Not fitting in is hard. Even in the executive world, where as a leader you know you shouldn’t always fit in, the desire to do so is powerful. In general, most of us typically do fit in and life is fairly smooth. However, what if, through your experience and knowledge in your career, you now find yourself in a position where your role is essentially to bring up the issues, the gaps, the unthought of roadblocks? What if your role is now to purposefully not fit in?
While from a surface perspective, this sounds like a critical role, and no doubt it is a critical role for a team to be successful, it’s not an easy role to play. In the heat of the team conversations, being the only one in the room with the knowledge and courage to speak those words can feel dangerous. Lonely. Quickly, you become viewed as “the blocker.” The person no one wants to have at the meetings or listen to because your role to share gaps is seen as a frustration. Each time you speak, it seems you give the team a new problem they have to solve for or a hurdle they have to overcome. By asking one simple question, you have delayed their pilot launch by weeks. In a world where it is easier to fit in, how do you make yourself comfortable being the lone voice?
The reality is that the loneliness starts in our heads, so let’s start there. First and foremost, remember why you are in the role you are in and the value you bring. You, and only you, have been put on the team for a reason; your experience, knowledge, and ability to influence in that specific work group. Own your role. Moreover, remember your value. If you call out the gap now, it is going to make the project successful in the long run. Success it the ultimate goal, so stay focused on your ability and the desire to have the project succeed.

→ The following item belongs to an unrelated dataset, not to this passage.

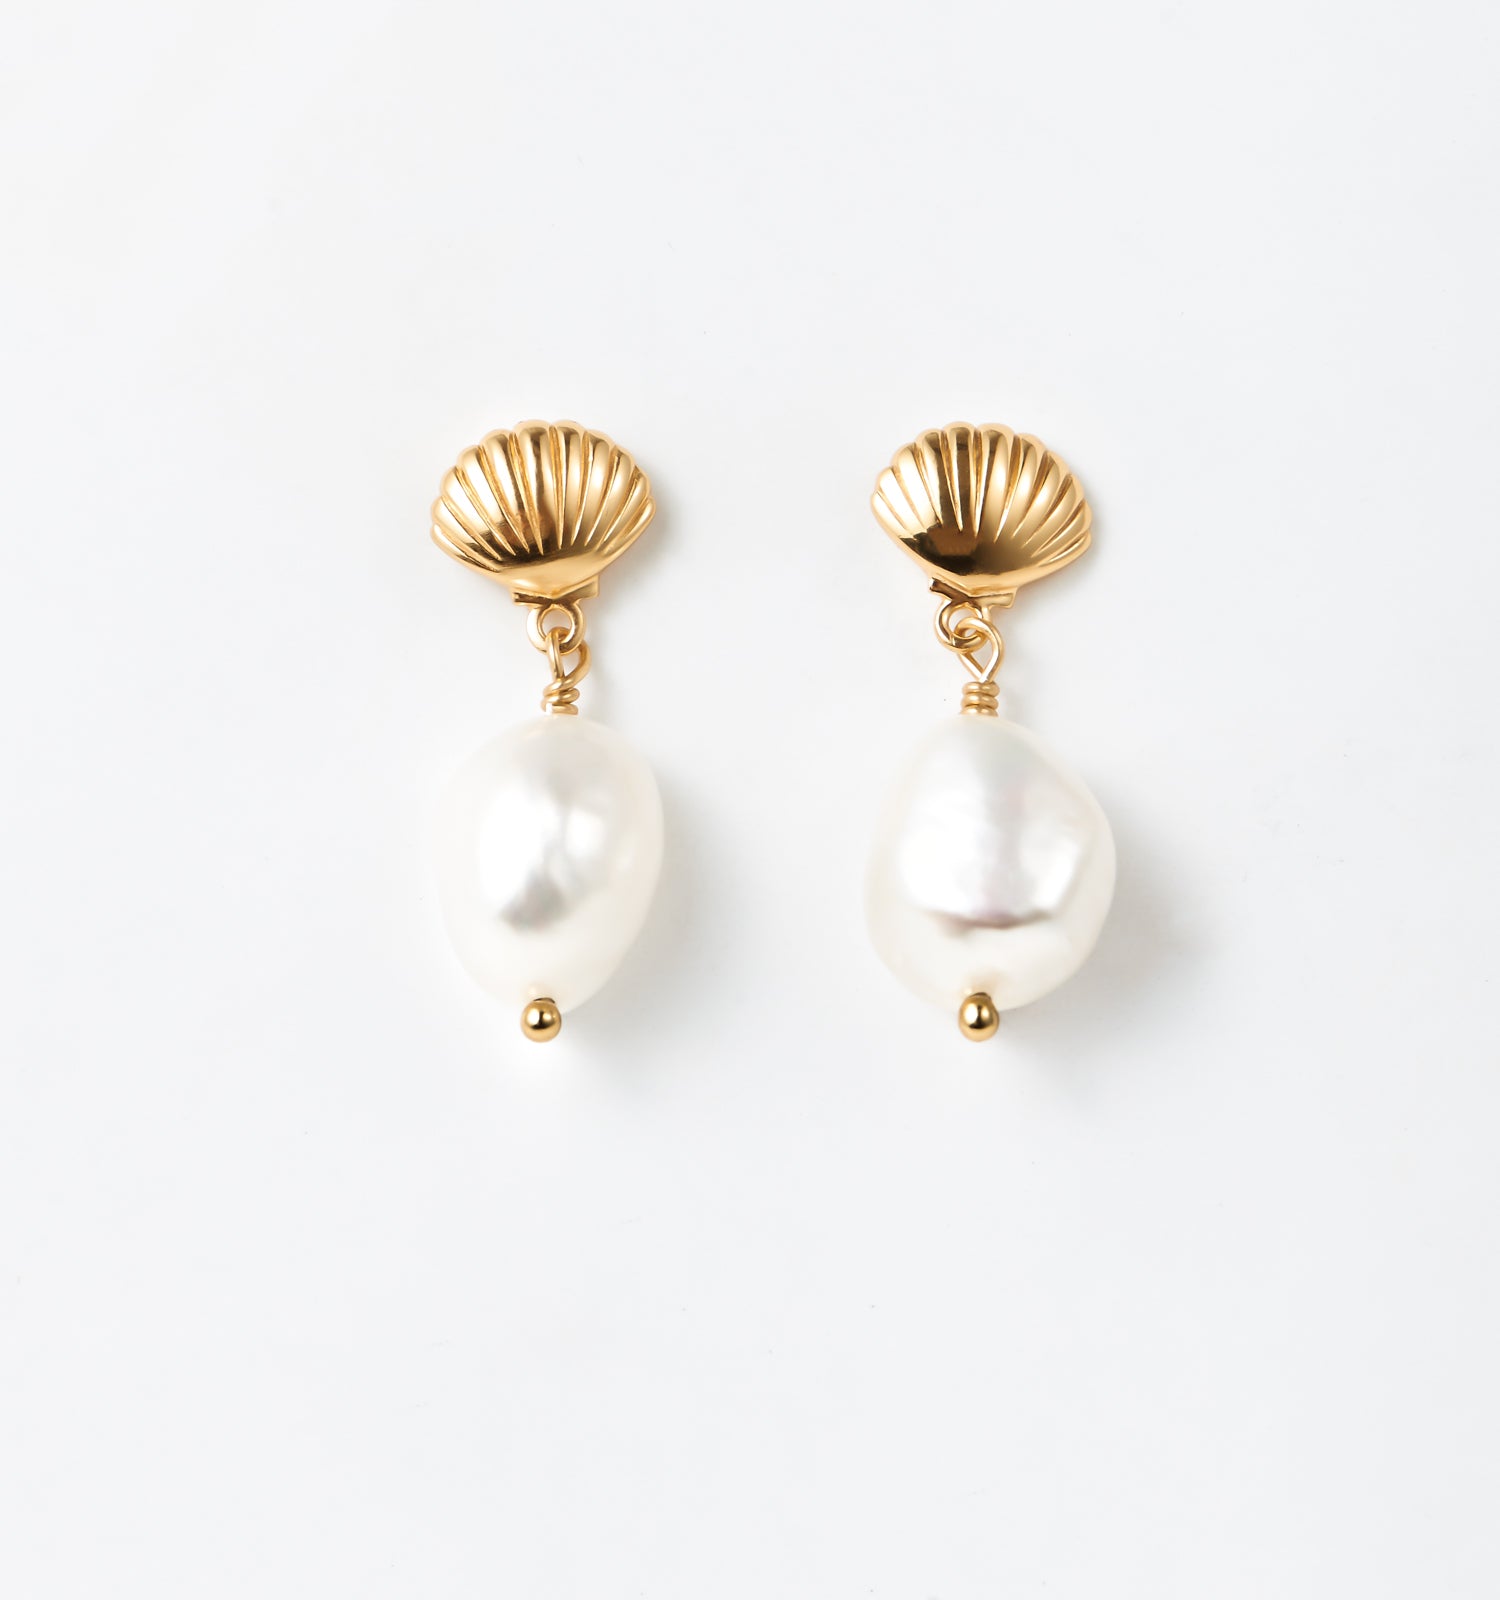 Scallop Shell Earrings

Secondarily, you need to fit in with the team in order to not feel lonely. So ask yourself, what do you have in common with the rest of the team that you can align around? We said it previously, the desire to ensure the project is successful. Remind them of that. When you are providing feedback, asking questions, pushing against the process, remind the team that you are doing this to ensure their hard work pays off and that it’s better to find it now than after a full launch of the strategy.
Last but not least, don’t forget to check yourself from time to time. It can be great to have the knowledge, be able to share it, poke holes in other peoples’ work, etc. You feel accomplished in being the person who asked the critical question or raised the flag no one else saw. But when that is all that is accomplished, there is no teamwork. Remember to not just call out the gaps, but be part of the solution. This is critical. To simply say why it won’t work but not share potential solutions is futile. Saying you care about the project is one thing, saying it and then putting your brain in the game to solve for the gaps, is a totally different level of commitment.
It cannot be said enough that the person in the room with the knowledge and courage to speak the truth is a powerfully dangerous individual with infinite value. You are that dangerous combination. Worry less about fitting in and focus more on the value you add and the ability to support the team on all fronts. If you truly become part of the team, you may still be dangerous, but you won’t be alone. And that too, is a combination of infinite value.